Those are the only two real rules. Fun socks upgrade this look. Slacks and jeans both work with this.

Good luck looking lazy. I know it’s hard work.


Shop, don’t ship.

Okay, shopping ProTip: Don’t order clothes or shoes online. Remember, with clothes, fit is the most important factor & you MUST try everything on before buying it. Each company & each line of clothes in that company are going to have different cuts. If you think the waist size on your pants reflects actual inches, I will direct your attention to the chart below from The Style Blog:


Retail companies make sizes bigger to boost the self-esteem of the people buying it. Women have this worse than men, but it still exists for us. Why be ‘fat’ at H&M, when you could be ‘normal’ at Old Navy? But you’re still the same weight. Women, why buy a size 8, when you are a 4 at Banana Republic? It’s all in your head & that’s what marketing is and does.

So how do you know what size to get? Also in photo shoots & on mannequins, you see clothes you love & the fit seems great, but they are pinned in the back to make them look good. Investigate the mannequins at your favorite stores & you may be surprised at what you find.


Also, with just pictures, you can’t always tell the exact color or tint based on the lighting of the picture.

So don’t pay your hard-earned money for 1. Something you don’t know the size of. 2. Something you’ve only seen how sales and marketing want you to see it, not the actual product. 3. Something you have no idea how it will fit your body.

One time a company made a pin-stripe hoodie that I had to own, even though it was $160.00 & made in San Fran, so I had to order it online. I ordered one in small after looking at the size chart. When it finally arrived, it said ‘small,’ but was humongous! Like XXL huge. They made an XS but I knew that wouldn’t fit me with the size of the small, so I sent it back & got a refund, but still paid the shipping.

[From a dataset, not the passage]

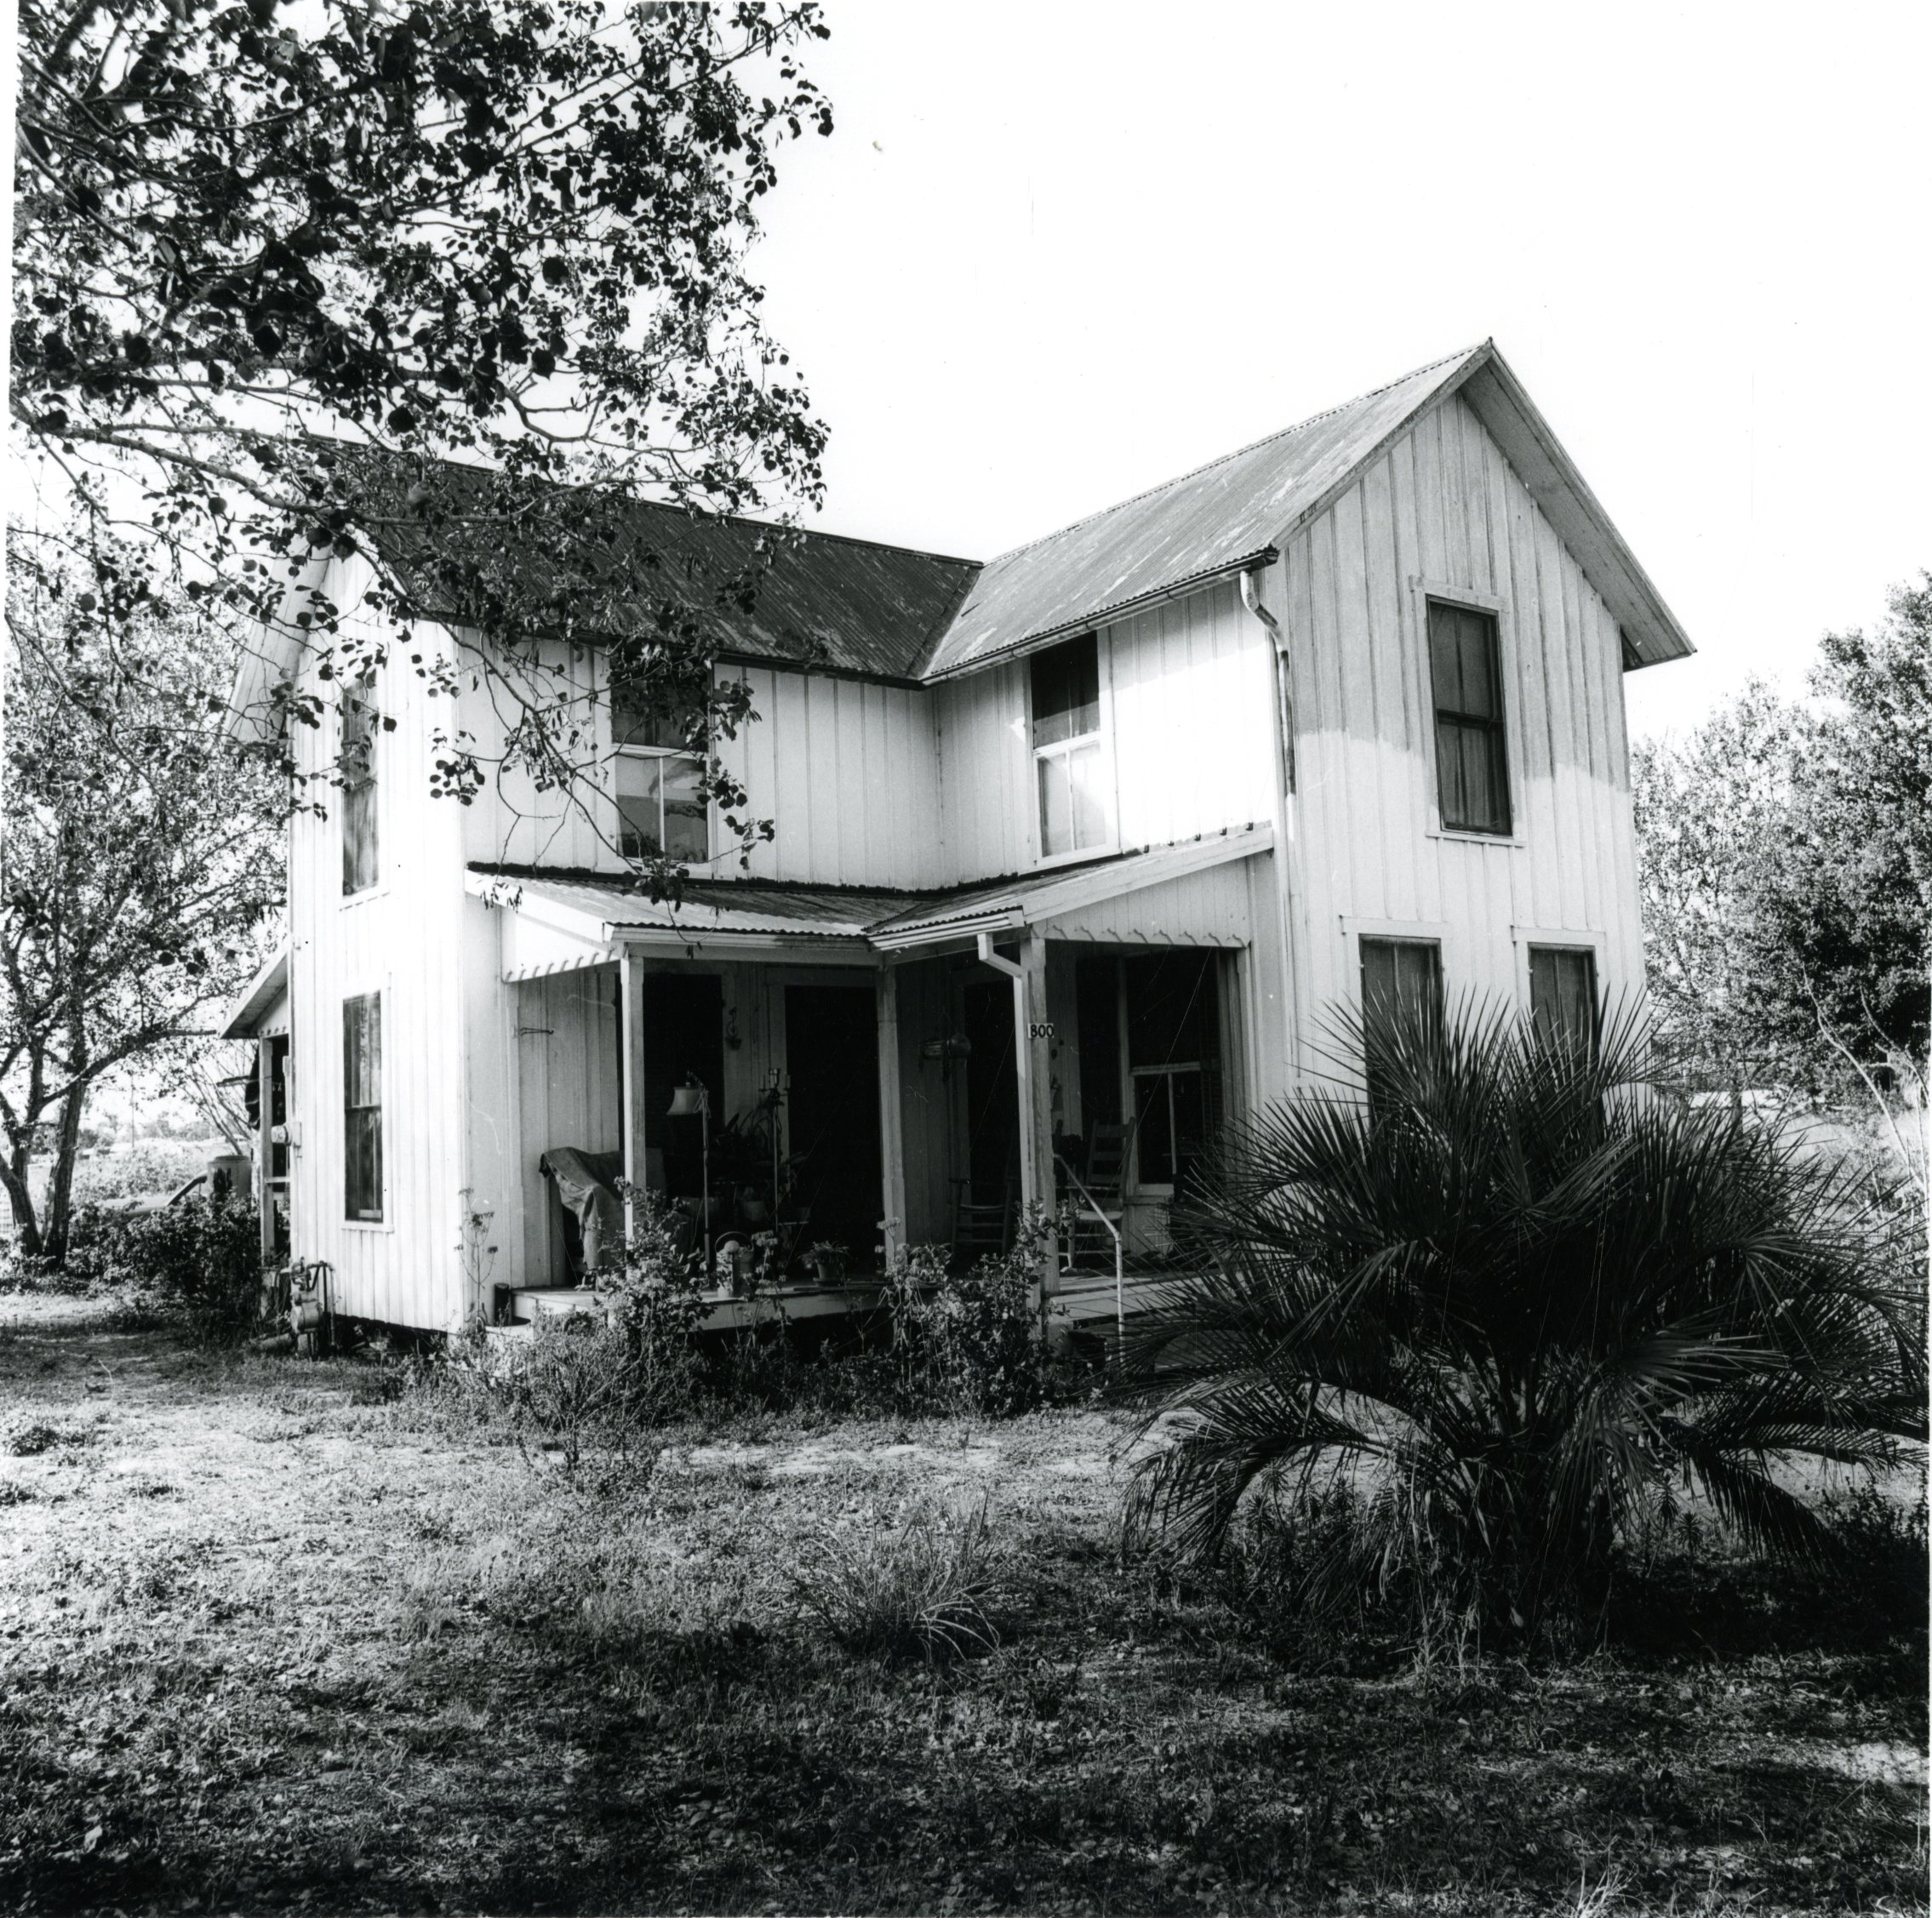 Lowe House on original site, Anona, Florida, circa 1930.

On a few occasions I had ordered things that never showed up! Then I had to call my bank to dispute the charges & while the money was fully refunded eventually, there is a big waste of time and energy.

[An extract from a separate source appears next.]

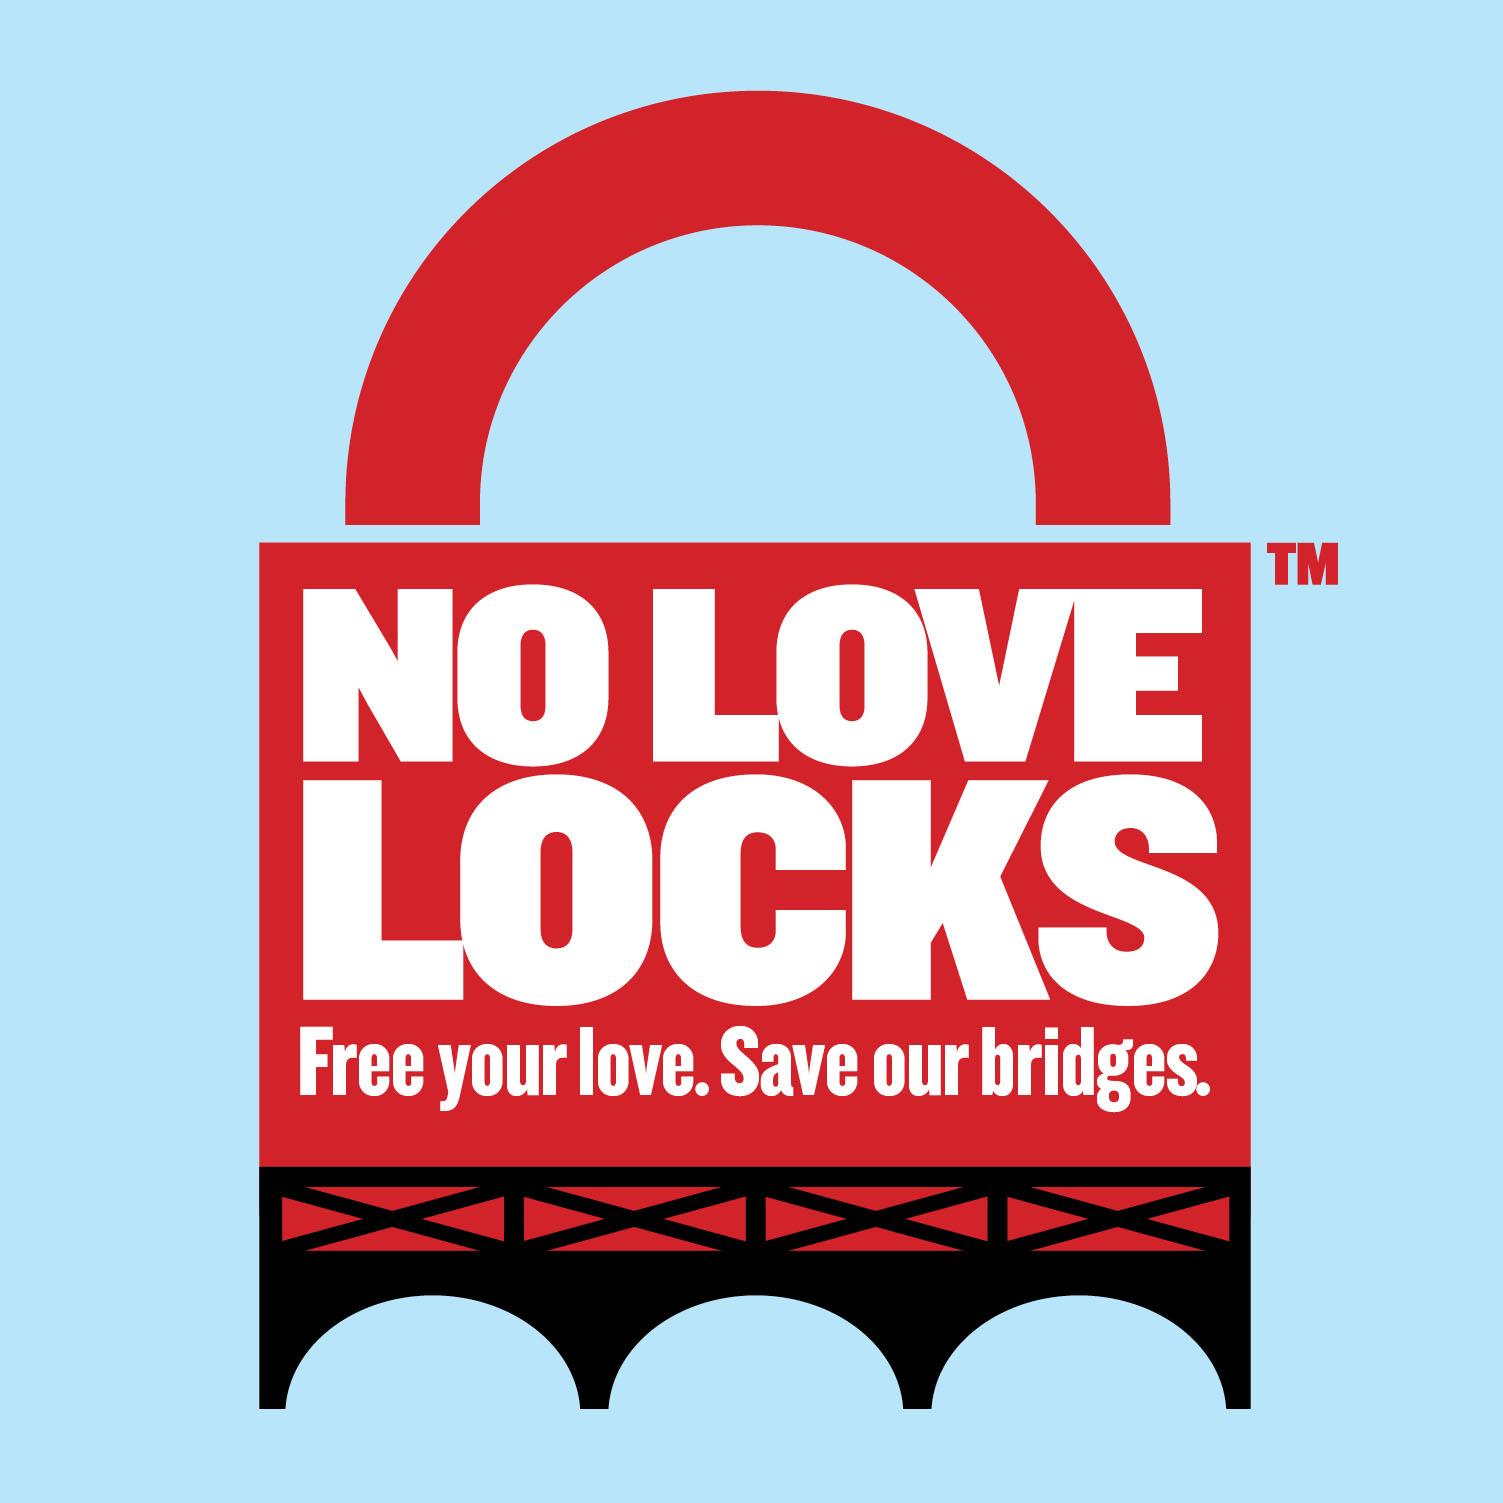 about no love locks

While I love getting packages in the mail like anyone else, with clothes, it is not worth the hassle, & the online sales industry knows this so they are constantly trying to make it easier, but just don’t do it. It is too easy to settle for things you don’t really like & a waste of time, money & energy in most cases. Don’t gamble with your style & image, be sure.

You can always find something good in the city, I promise. Get a friend & go out and about. Try everything on, get feedback & only buy what you love. Plus this keeps more of your money in the local economy, which is good for the city.

Have your own online shopping horror stories? Wanna prove me wrong & defend online shopping? Share below:

Be a Rain-Ready Pdxer (And Look Good Doing It)

In Portland, we are known for the hood. Not necessarily Mt. Hood. And not the projects neither(RIP Pimp C). I’m talking about the hood that goes on your head. A smart pdxer always has his hood safely reclined on his shoulders like the top down on a rental from September through June. As soon as the first drip drops, he pops the top up before he decides to sally forth from awning to awning, puddle skipping through the city.

I swear the rain will come back. Global warming has been good to the Pacific NW, but once it stops holding the fall hostage we will remember what it is to be true pdxers. Rain haters will move back to their hometowns & part-time street kids move back into their parent’s house when the overcast and constant drizzle return. The rain keeps the city clean and only in the rainy months does Portland truly shine.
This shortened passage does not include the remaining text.